Closed ABaldrati closed 5 months ago

ABaldrati commented 5 months ago

Dear Authors,

First of all, thank you for your excellent work on the paper. I have studied your approach and have some questions regarding the feature extraction process when using GenAD encoder for planning as described in the following paragraph:

Tab. 5 shows the planning results on nuScenes where ground truth poses are available for the ego vehicle. By freezing the GenAD encoder and only optimizing an additional MLP on top of it, the model can effectively learn to plan. In particular, by pre-extracting image features using GenAD's UNet encoder, the entire learning process for plan adaptation takes only 10 minutes on a single NVIDIA Tesla V100 device, which is 3400 times more efficient than training the UniAD planner.

I am particularly interested in understanding the following points:

  1. Since GenAD is a diffusion denoising network that takes a diffusion timestep as input, could you specify which diffusion timestep is used during the feature extraction process?
  2. Can you confirm that cleaned frames are used as input during this feature extraction process?
  3. In addition, I would appreciate if you could provide more details about
    • From which GenAD encoder layer (or layers) are the features extracted?
    • Could you please provide more details on how the features are processed in the MLP?

Thank you very much for your time and help.

Best regards,

Little-Podi commented 5 months ago

Hi Alberto,

Since GenAD is a diffusion denoising network that takes a diffusion timestep as input, could you specify which diffusion timestep is used during the feature extraction process?

We adopt timestep 0, which corresponds to the lowest diffusion level without noise. Note that GenAD's UNet takes $\sigma$ as a condition to indicate the timestep.
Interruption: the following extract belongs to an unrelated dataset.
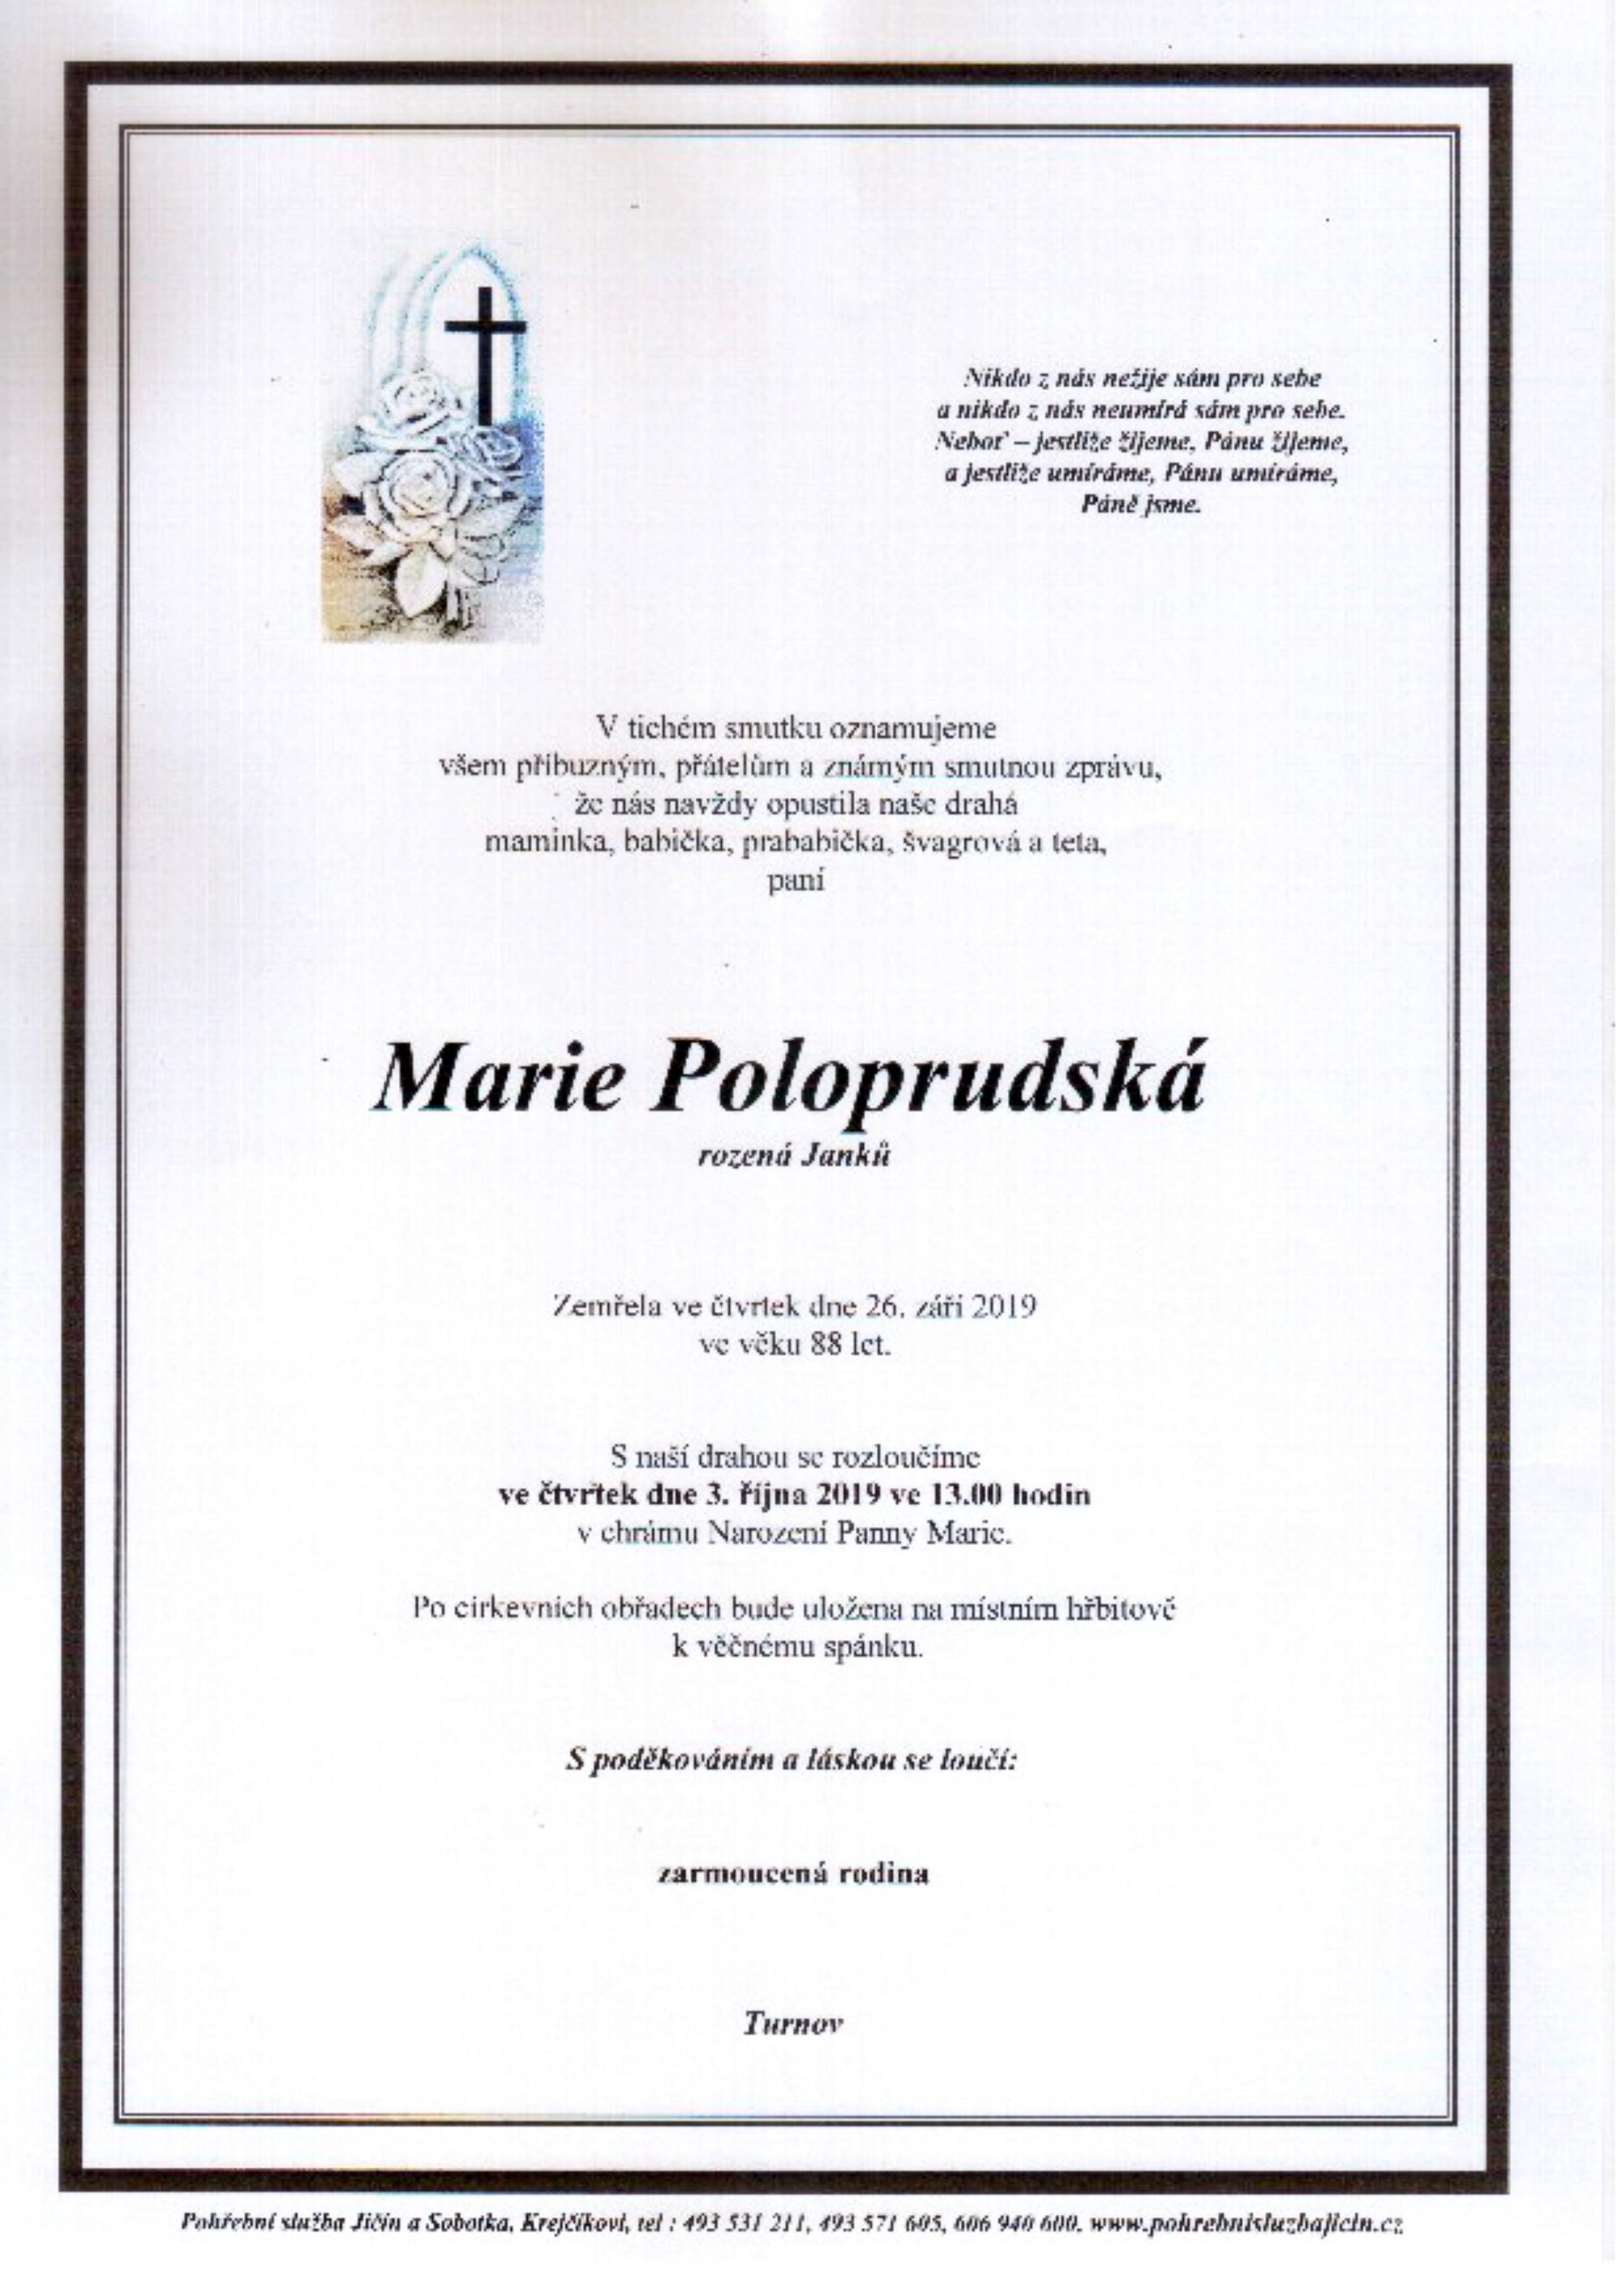 Marie Poloprudská

The translation from timestep to $\sigma$ follows this implementation.

Can you confirm that cleaned frames are used as input during this feature extraction process?

Yes, original frames are applied without noise augmentation.

From which GenAD encoder layer (or layers) are the features extracted?

Our feature extraction process ends at the middle block of GenAD's UNet (see the illustration below), and all upsampling blocks are not used for this task.

image

Could you please provide more details on how the features are processed in the MLP?

We simply flatten the feature map after it is extracted by the UNet. The feature sequence is then sent to an MLP that regresses the planning waypoints.

ABaldrati commented 5 months ago

Great! Thank you so much for your detailed explanation!